Adam Frank and Marcelo Gleiser write in the NYT that two leading researchers, George Ellis and Joseph Silk, recently published a controversial piece called "Scientific Method: Defend the Integrity of Physics" that criticized a newfound willingness among some scientists to explicitly set aside the need for experimental confirmation of today's most ambitious cosmic theories — so long as those theories are "sufficiently elegant and explanatory." Whether or not you agree with them, Ellis and Silk have identified a mounting concern in fundamental physics: Today, our most ambitious science can seem at odds with the empirical methodology that has historically given physics its credibility:

Chief among the 'elegance will suffice' advocates are some string theorists. Because string theory is supposedly the 'only game in town' capable of unifying the four fundamental forces, they believe that it must contain a grain of truth even though it relies on extra dimensions that we can never observe. Some cosmologists, too, are seeking to abandon experimental verification of grand hypotheses that invoke imperceptible domains such as the kaleidoscopic multiverse (comprising myriad universes), the 'many worlds' version of quantum reality (in which observations spawn parallel branches of reality) and pre-Big Bang concepts. These unprovable hypotheses are quite different from those that relate directly to the real world and that are testable through observations — such as the standard model of particle physics and the existence of dark matter and dark energy.
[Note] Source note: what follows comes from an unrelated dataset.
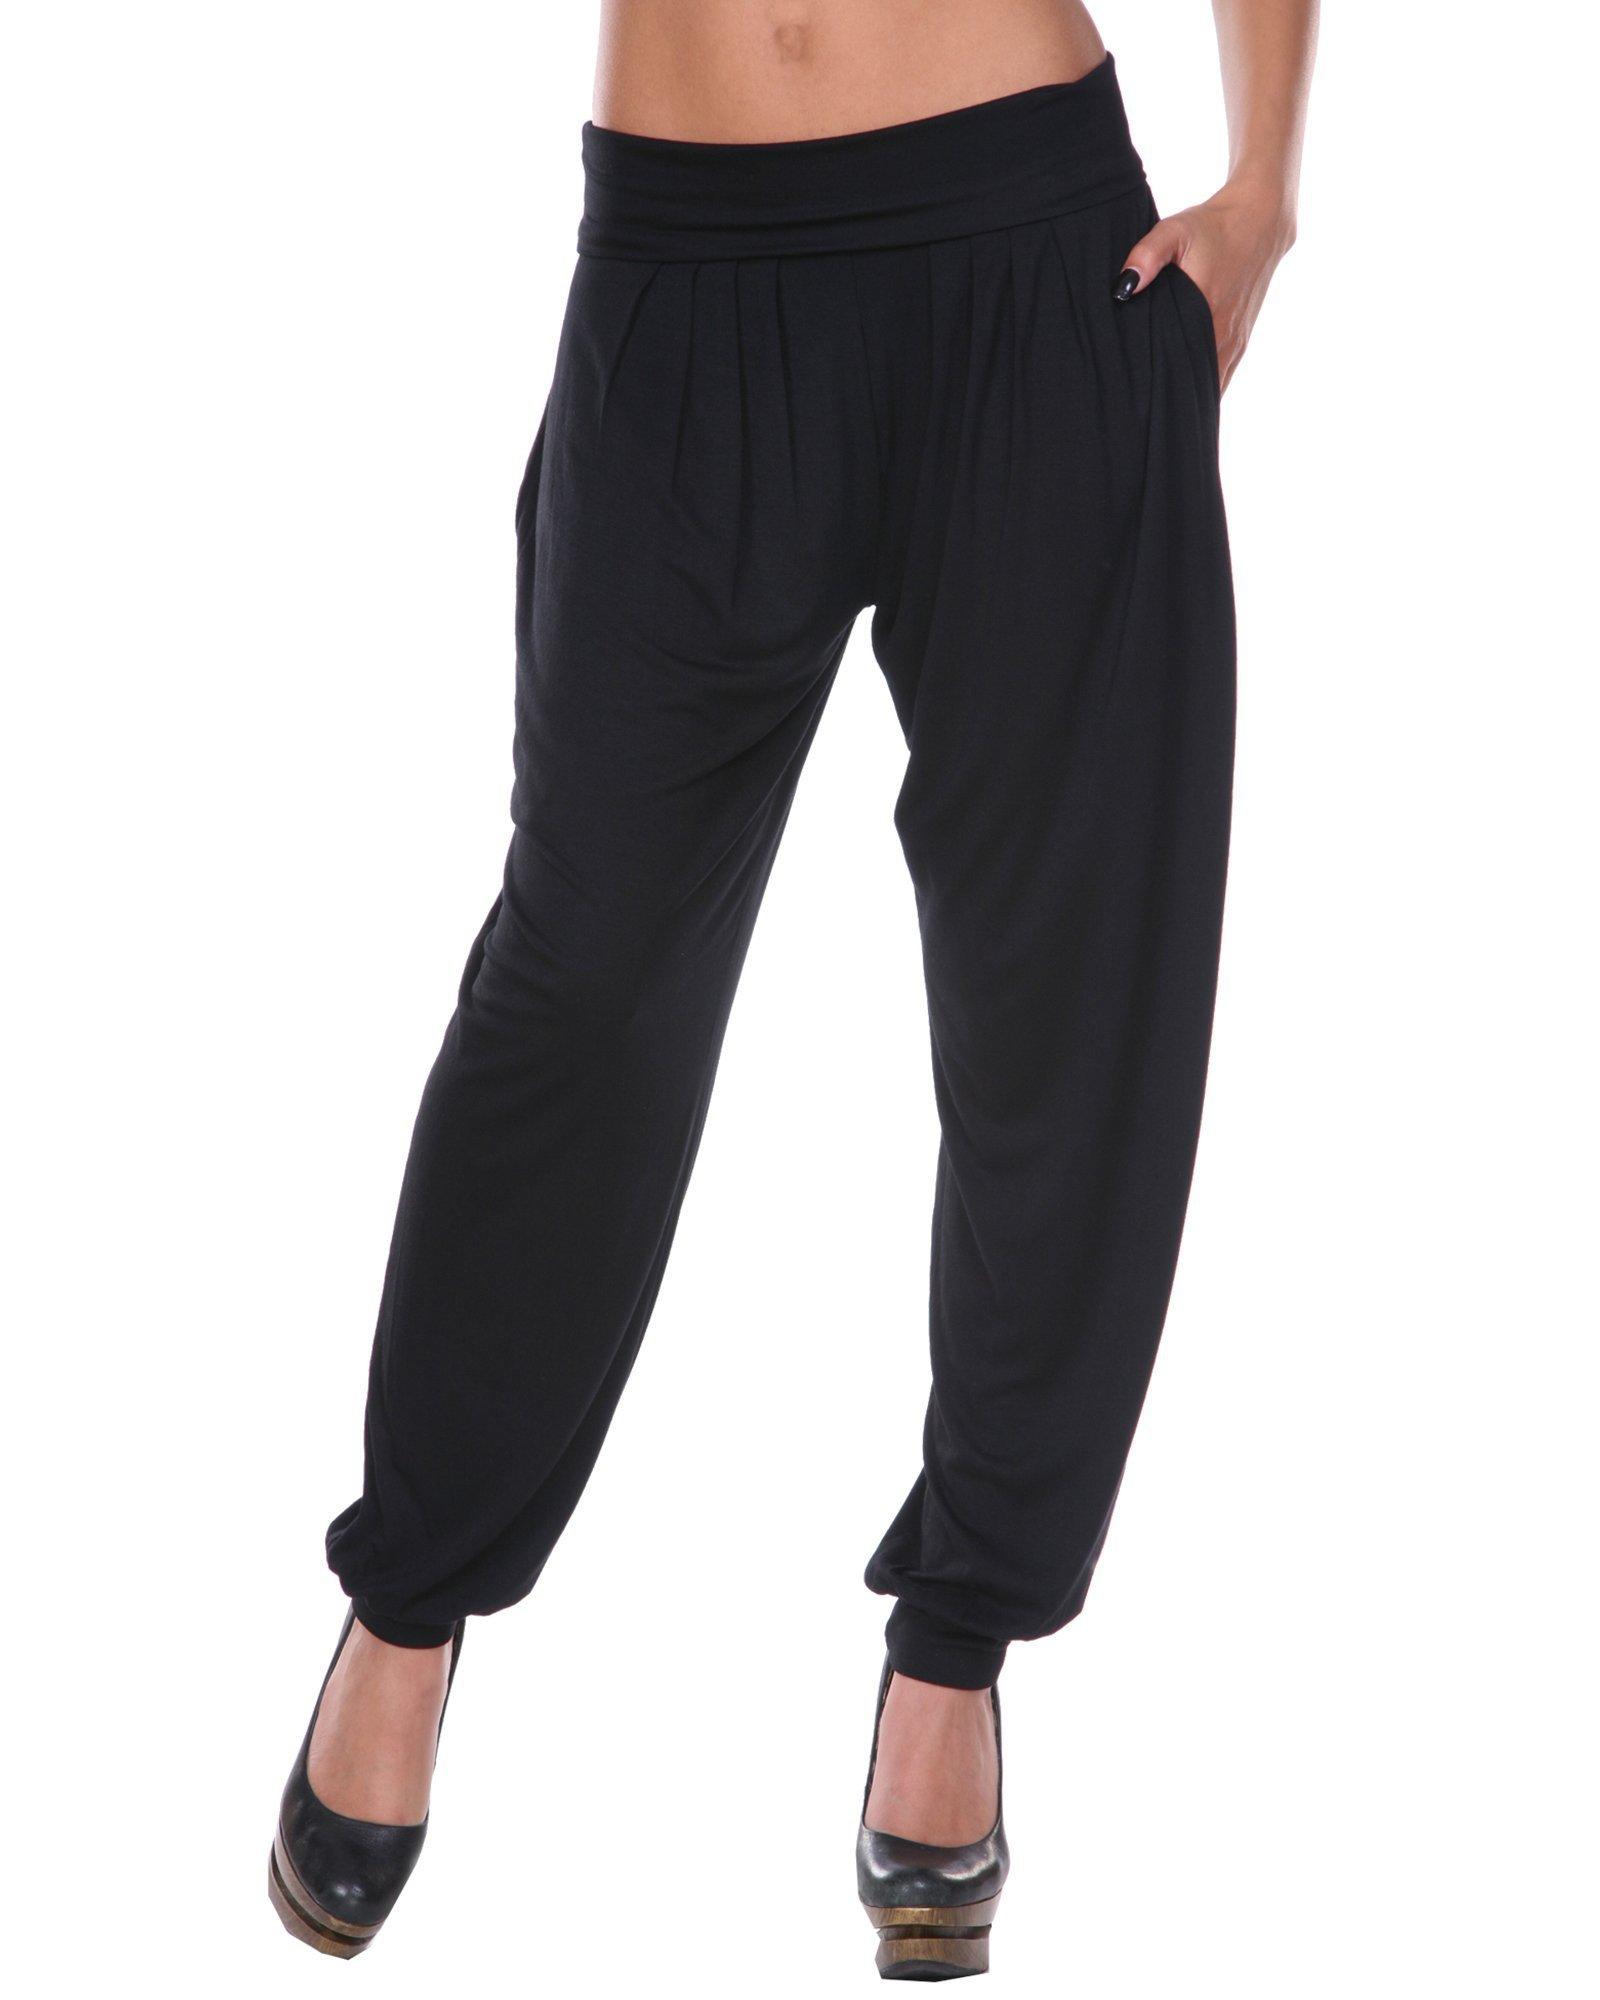 White Mark Women's Bohemian Harem Pants in Black - Large

As we see it, theoretical physics risks becoming a no-man's-land between mathematics, physics and philosophy that does not truly meet the requirements of any.

Richard Dawid argues that physics, or at least parts of it, are about to enter an era of post-empirical science. "How are we to determine whether a theory is true if it cannot be validated experimentally?" ask Frank and Gleiser. "Are superstrings and the multiverse, painstakingly theorized by hundreds of brilliant scientists, anything more than modern-day epicycles?"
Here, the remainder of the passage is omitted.